The ADCO study shows that AirBnB is growing rapidly in Boston, with more than 200 new units listed per month. The city also has one of the highest concentrations of investor-units – three to four times the amount of other cities.
The new ordinance would ban short-term rentals like AirBnB in non-owner occupied buildings, and limit the number of days owners living in multi-unit buildings can rent units as short-term rentals to 120 days per year.
While Boston City Council has yet to reach an agreement, the ADCO fully endorses the amended ordinance. The Organization urges Boston to take action now, as ADCO Vice-Chairman Stephen Fox says, “Every day of delay and any loosening of investor or property-related restrictions will be costly to Boston.”

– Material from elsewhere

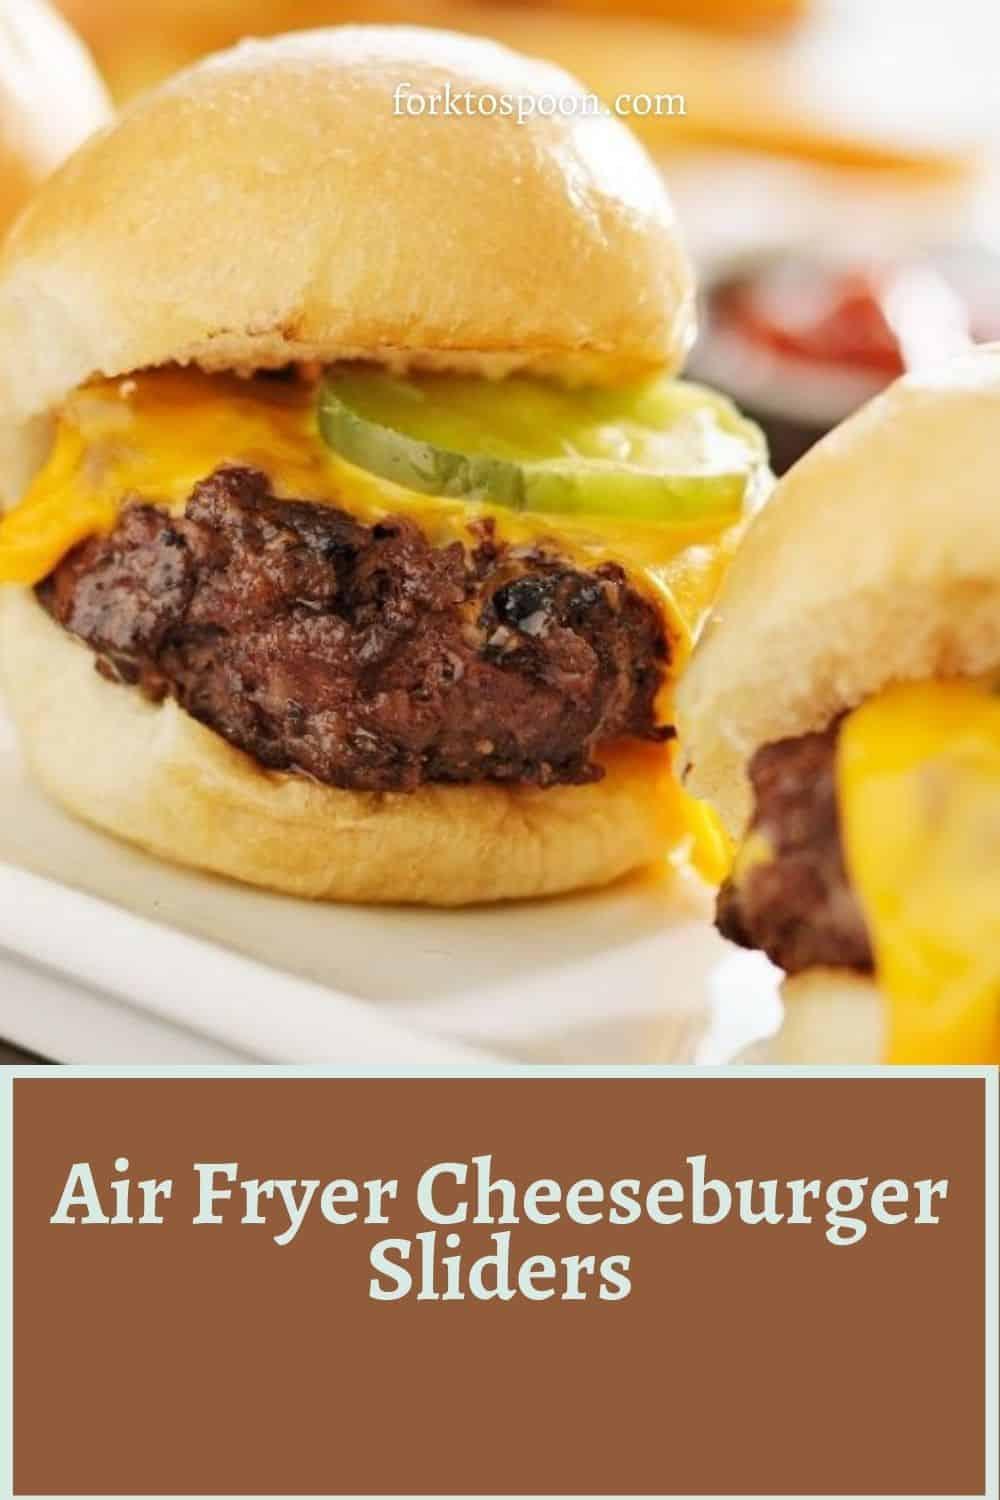 Air Fryer Cheeseburger Sliders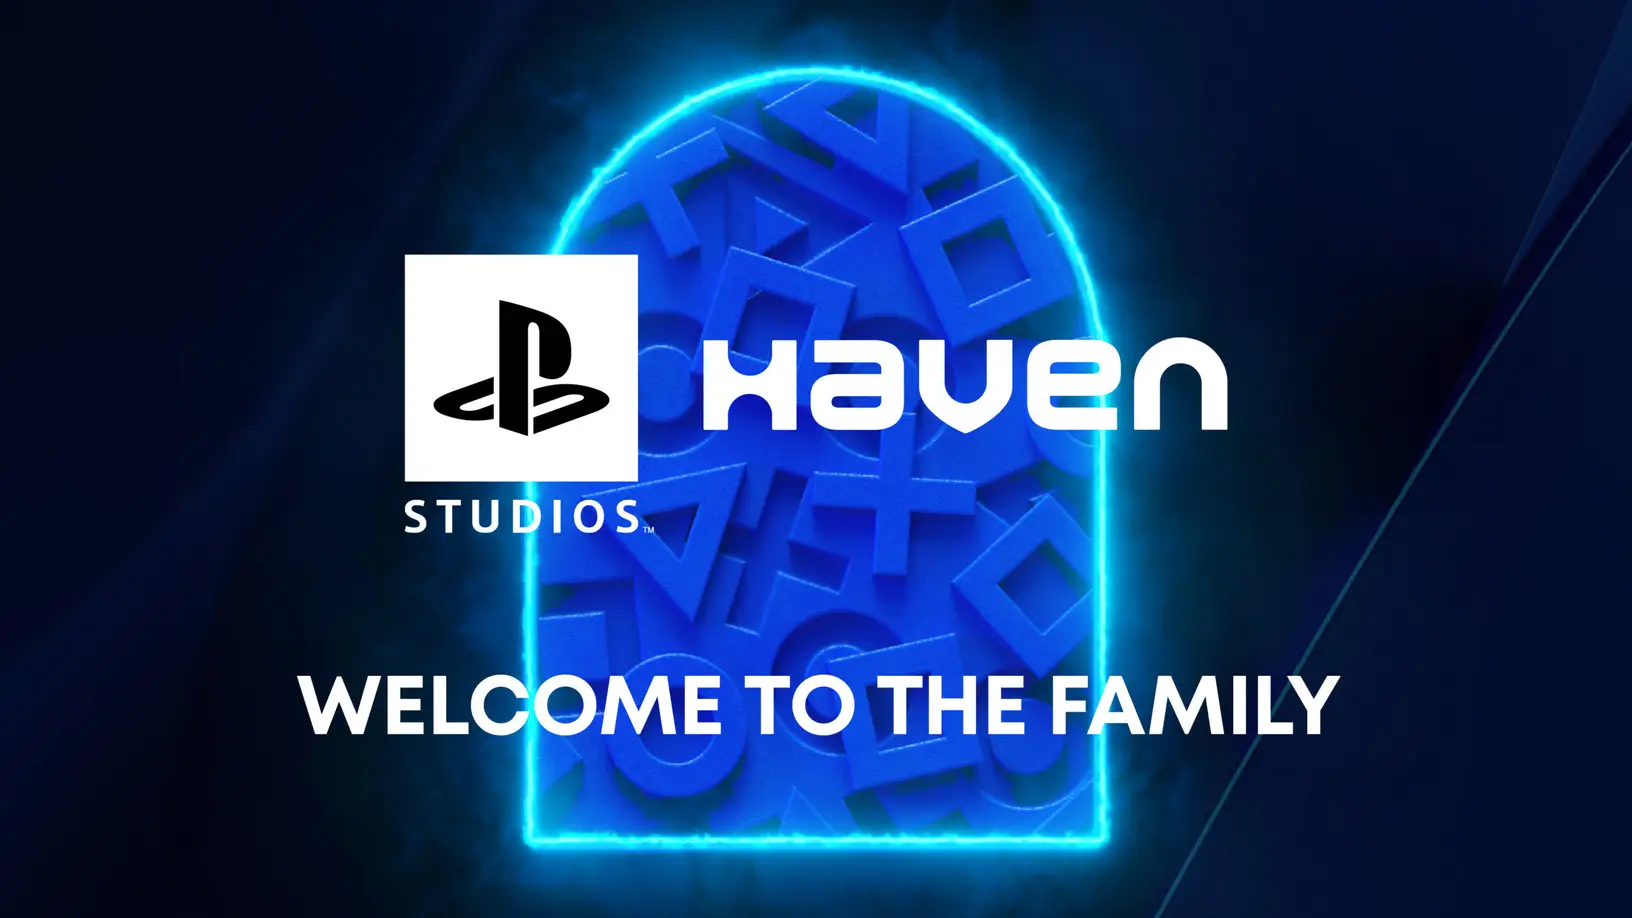 PlayStation Haven Studios

Additional findings from the ADCO research include:
• Banning investor units will return 1,800 – 2,000 units to Boston’s housing supply.
• 62% of Boston AirBnB listings are for entire homes/apartments, 85% in the downtown/ADCO neighborhoods – 60%-70% of these are investor units.
• Cities like Portland, San Francisco, Los Angeles, Nashville and Berlin, all with lower investor ownership than Boston, have already banned investor units entirely.
• Owner-adjacent units, if capped at 120 days, will likely add only about 400 units to the short-term rental count. If not capped, this number could exceed 2,000 units.
See the ADCO’s full presentation, “Why ADCO Supports Mayor Walsh’s Revised Short-Term Rental Ordinance” posted below. (Click on the slides to enlarge.)
See more NorthEndWaterfront.com coverage by searching the tag short term rentals.
I think it was a Great Idea that the Mayor said Airbnbs can only be Landlord
Occupied Buildings
Agree. Anything else is basically an unregulated hotel.
The information is not factual. Nashville DOES allow short-term rentals. They do tax, issue permits, inspect and regulate, which is not a problem. Perhaps the solution in Boston is to tax and regulate, using the tax money to provide affordable housing.